Harrow the Ninth - Tamsyn Muir Page 0,122

following you—it was keeping careful pace about a hundred metres behind you, stalking your path. This was not hard. Your skeletons trod heavily. You were leaving a trail that a blind idiot might’ve followed, in the middle of a dark and moonless night; you went back to being irritated, this time at your own foolishness, and you stopped.

You waited in a clearing for your predator. You caulked a space over that rich red earth with bone, so that you could stand on a little platform of it with the tip of your sword touching that mat and not worry that some annelid was about to squirm over your feet. You checked yourself over to make sure that no airborne foreign body was making inroads on your immune system. You pulled your hood deep over your head, and you waited.

The thalergy made its approach. You realised with a deep and slithering horror that it belonged to a person.

And then a woman was standing at the edge of the clearing. She wore a peaked cap to keep the sun off her dark-eyed, scissor-slash face; a woman in a grey robe with the ends tied in a fat knot about her middle to keep them from dragging in the dirt. There was a rough canvas bag around her neck, an arresting, festering mass of thanergy amid all that clear and comprehensible life. She had two shabby scabbards peeking up over her shoulders, and chin-length, slate-brown hair tucked behind her ears, the colour of ancient tiles in an abandoned temple.

Your voice did not feel like it belonged to you when you said, “I saw your corpse.”

“Well,” said Camilla Hect steadily, “don’t tell everyone, or they’ll want to see it too.”

From the distance between you, you considered her; you also considered a body with a ruin for a face, lying on a long length of plastic sheeting. The sobbing, shrieking birdcall around you resolved into an indistinct burble, and you raised your hand to your right ear, and your fingers came away thick with blood so dark that it was almost purple. She took a step toward you; you retreated one, equalizing the distance, and she did not close the approach. You looked at the cavalier of the Sixth, and you bled.

A file opened in your mind. Your hands scrabbled within your robes—the exoskeleton gave up one of the twenty-two letters, with a reminder long memorised:

If met, to give to Camilla Hect.

This had not troubled you. Many of the letters required impossible contingencies. Now one impossible contingency was standing before you. You gave the envelope to your hulking skeleton, and it crossed the clearing, admirably navigating the lumpen forest floor, to deliver the letter to the previously dead Hect.

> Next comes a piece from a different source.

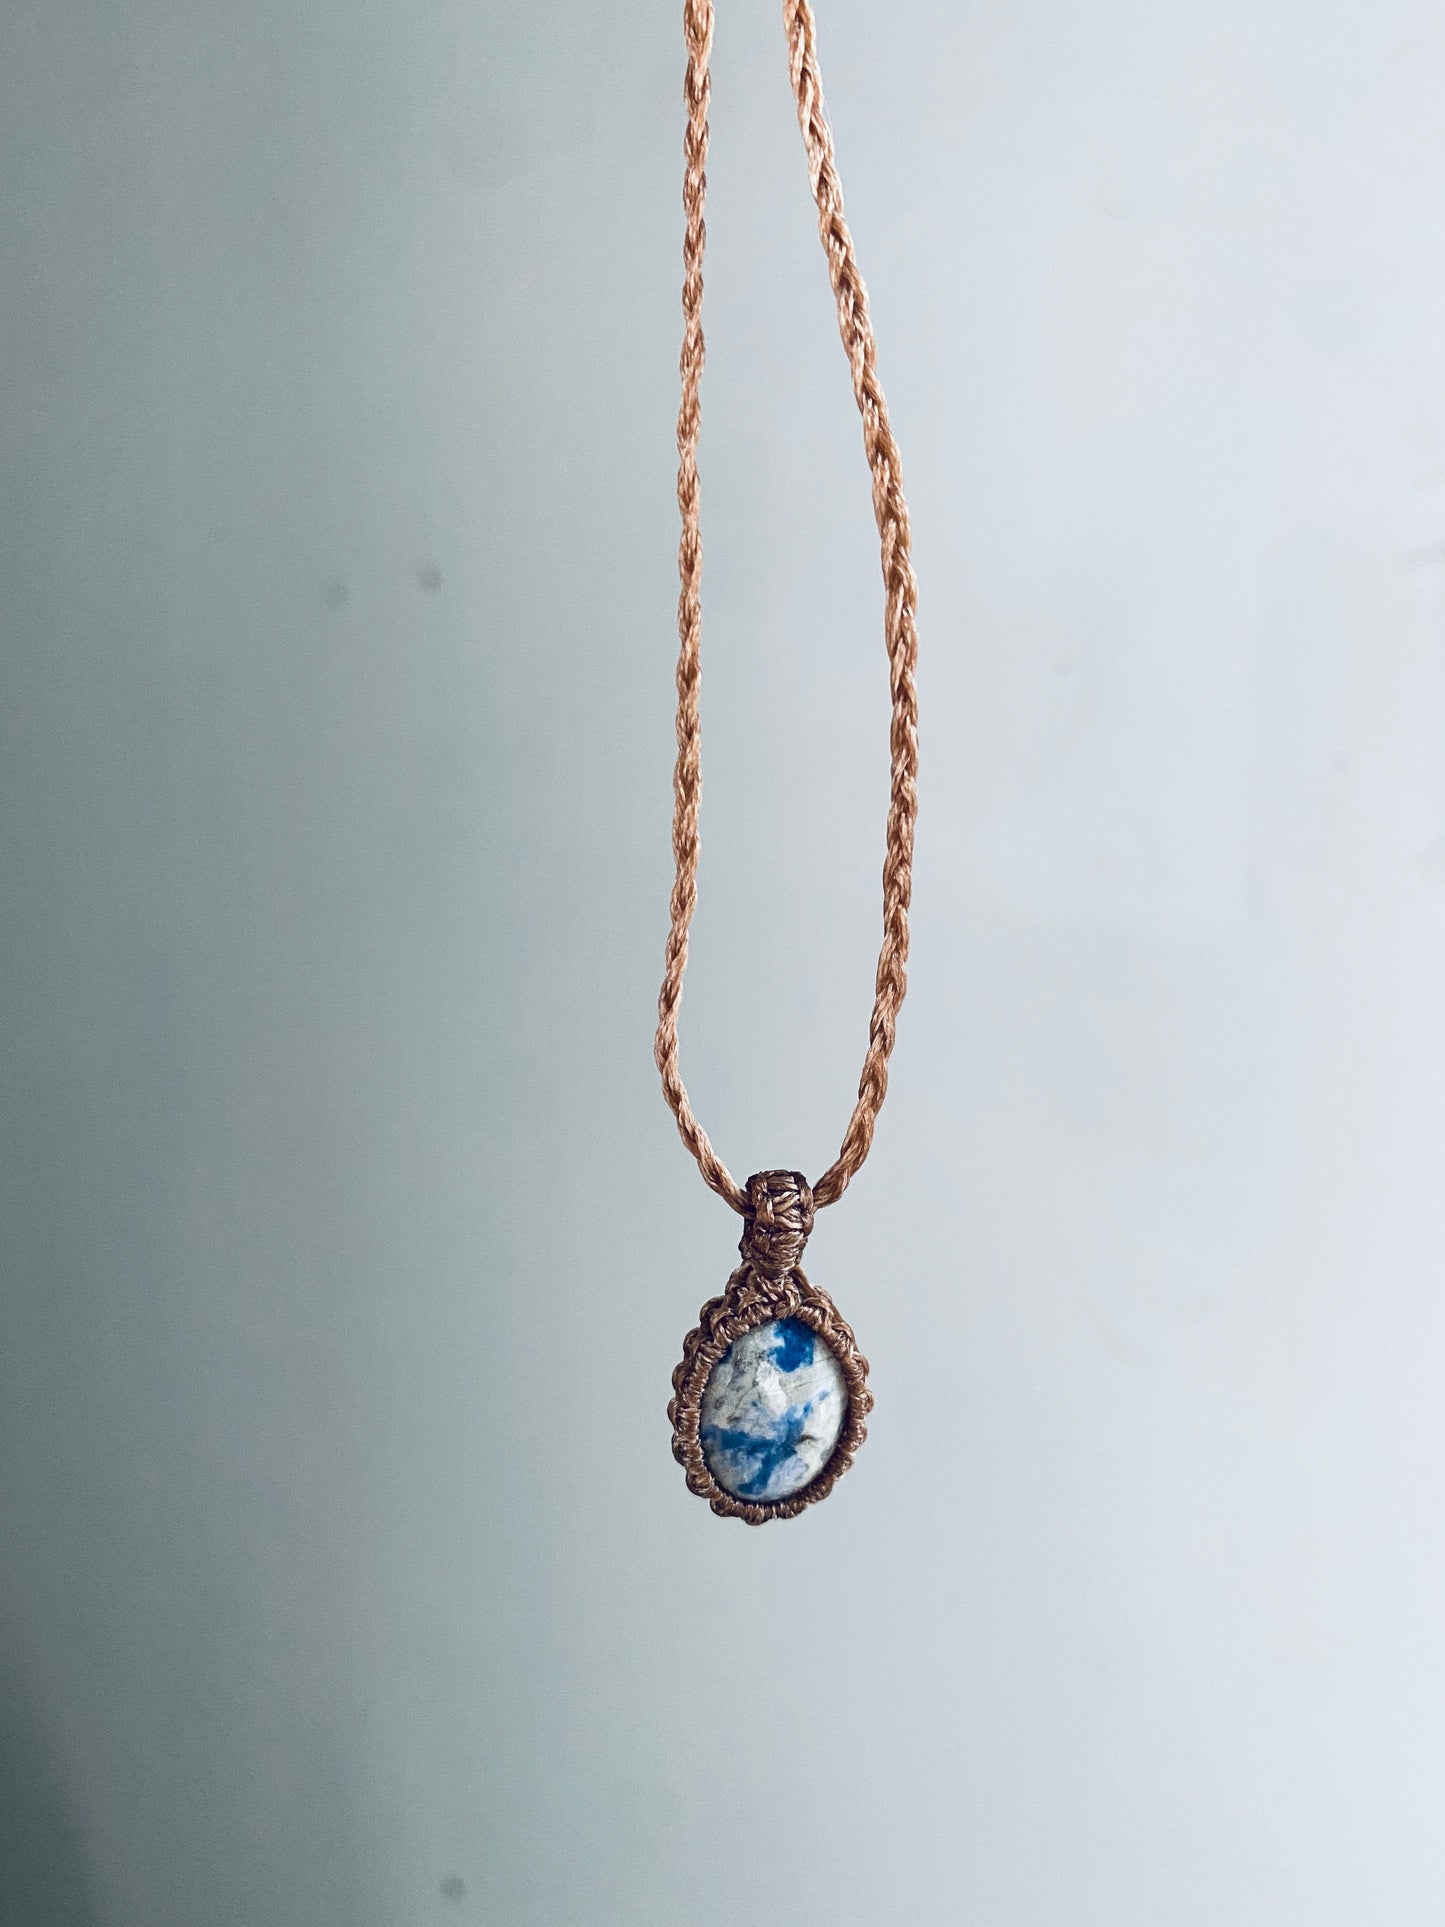 Collier artisanal - Kétonite azulite
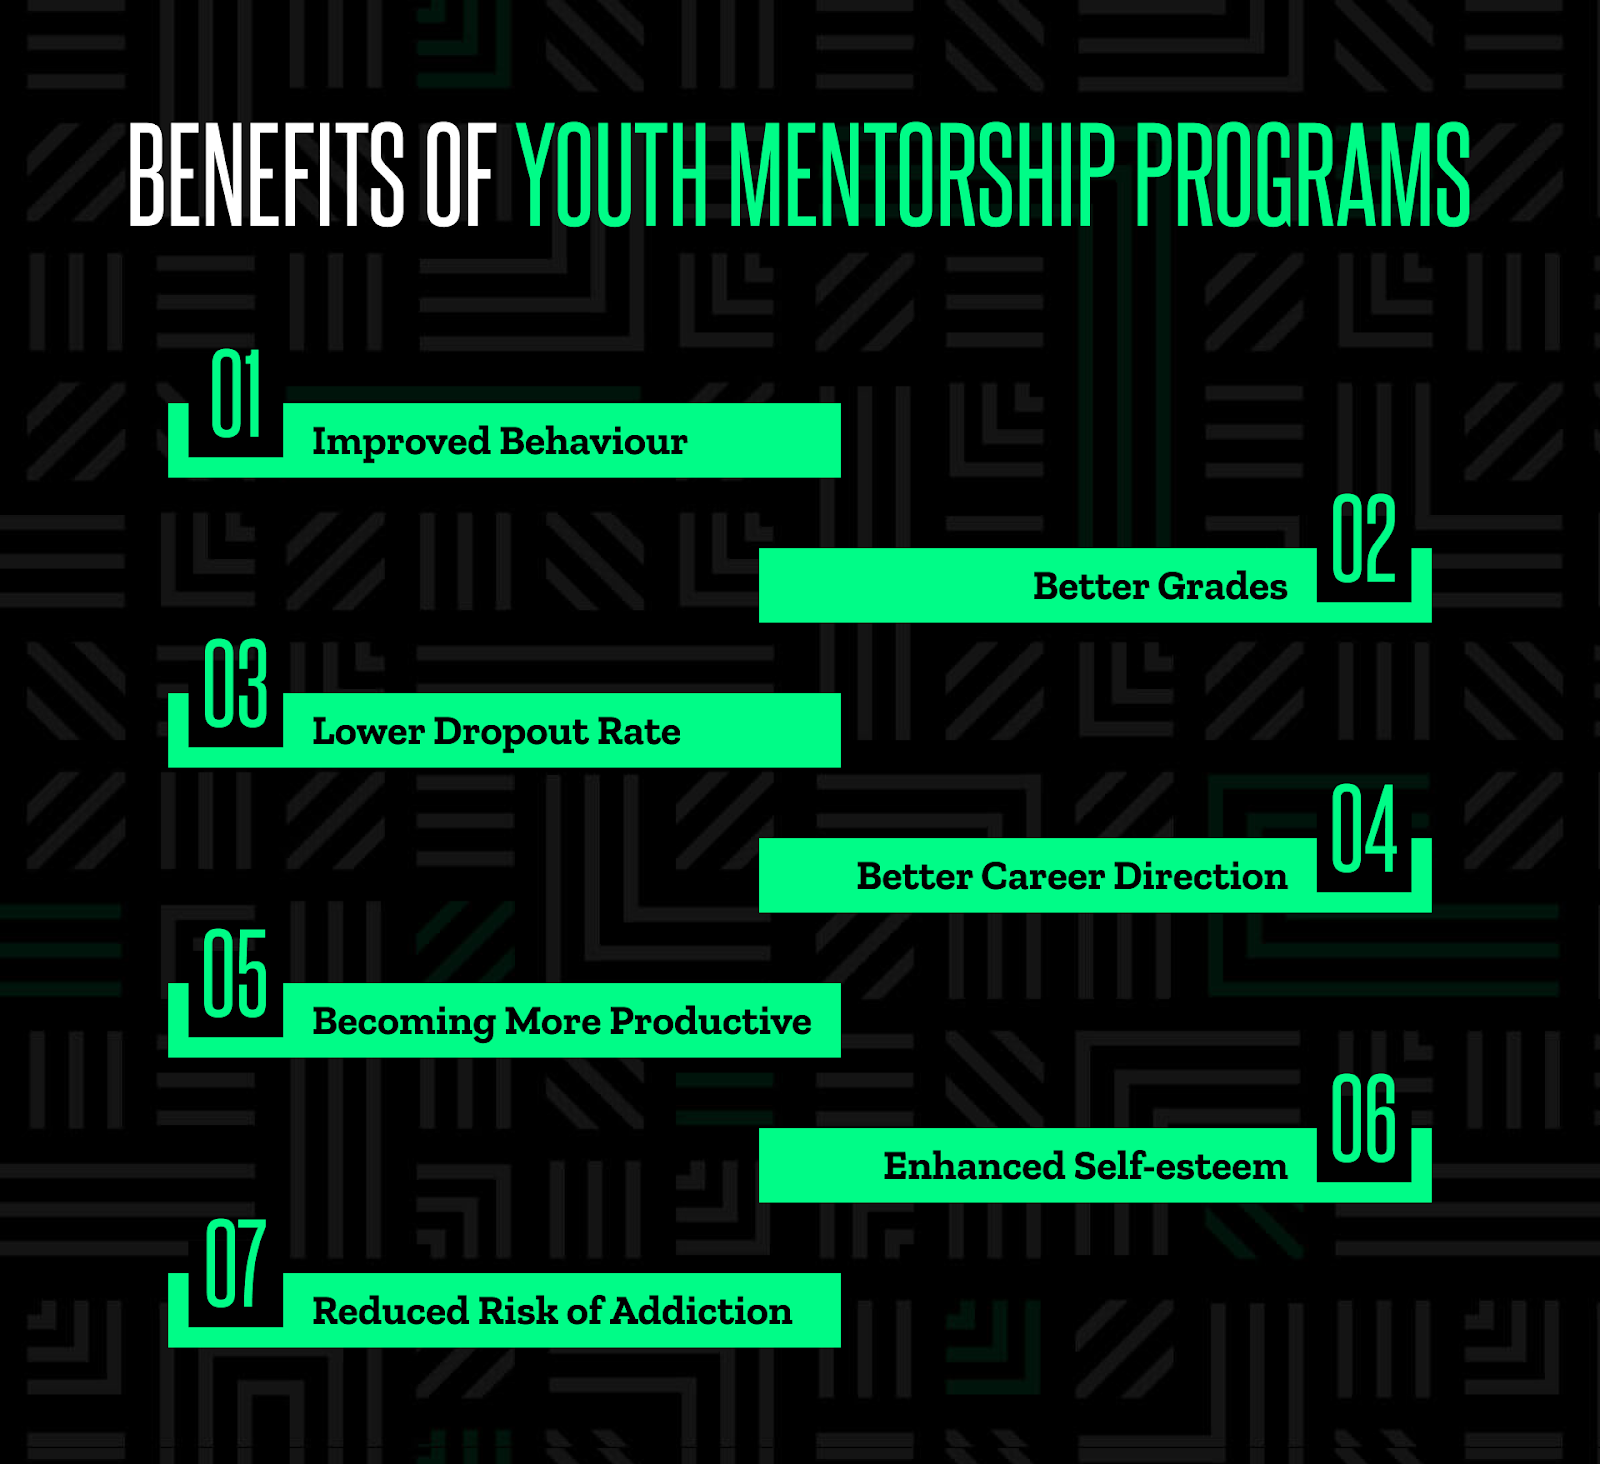 Benefits of Youth Mentorship Programs

She took it, broke open the envelope, read the contents, and blinked; all while you siphoned blood out of your ears. She looked at the letter; she looked at you; she looked at the letter. Then she balled it up between her fists and ripped it to shreds.

“Okay,” she said finally. And: “It’s coming out your nose.”

You wiped your face, quashed your growing annoyance, and said, “Am I required to know the contents?”

Hect cleared her throat—you flinched—and recited perfectly: “For service previously rendered by your House: invoke the rock that remains ever unrolled, and understand that I will both consider your life as inviolate, and aid you if I can. Thanks.”

You said, appalled, “I did not.”

“It was there in black and white, Reverend Daughter.”

Reverend Daughter was still a little sweet to your bloodied ears; but you said, and knew you sounded irascible: “Then I have been seriously promiscuous with my past favours.”

“I suppose you thought you owed us,” said Camilla.

It had been a long time since you had been around those who were not Lyctors. You grasped for her, thoughtlessly, with your construct; you were astonished by the speed with which Hect drew those big, balanced knives from each shoulder, and hurled herself at your skeleton like a stone from a sling. Her first sweep with the butt of a knife shattered the ribcage—it coalesced back; you now disdained skeletons not made of permanent ash. She swept in with a foot, aimed at the fragile place beneath the knee, and sent your construct stumbling forward. You said, “Cease,” but she levered one knife into the base of the spine, severed it, pulled the spine back toward her with a twang—and you heard your voice rise to say: “I need to know you are real!”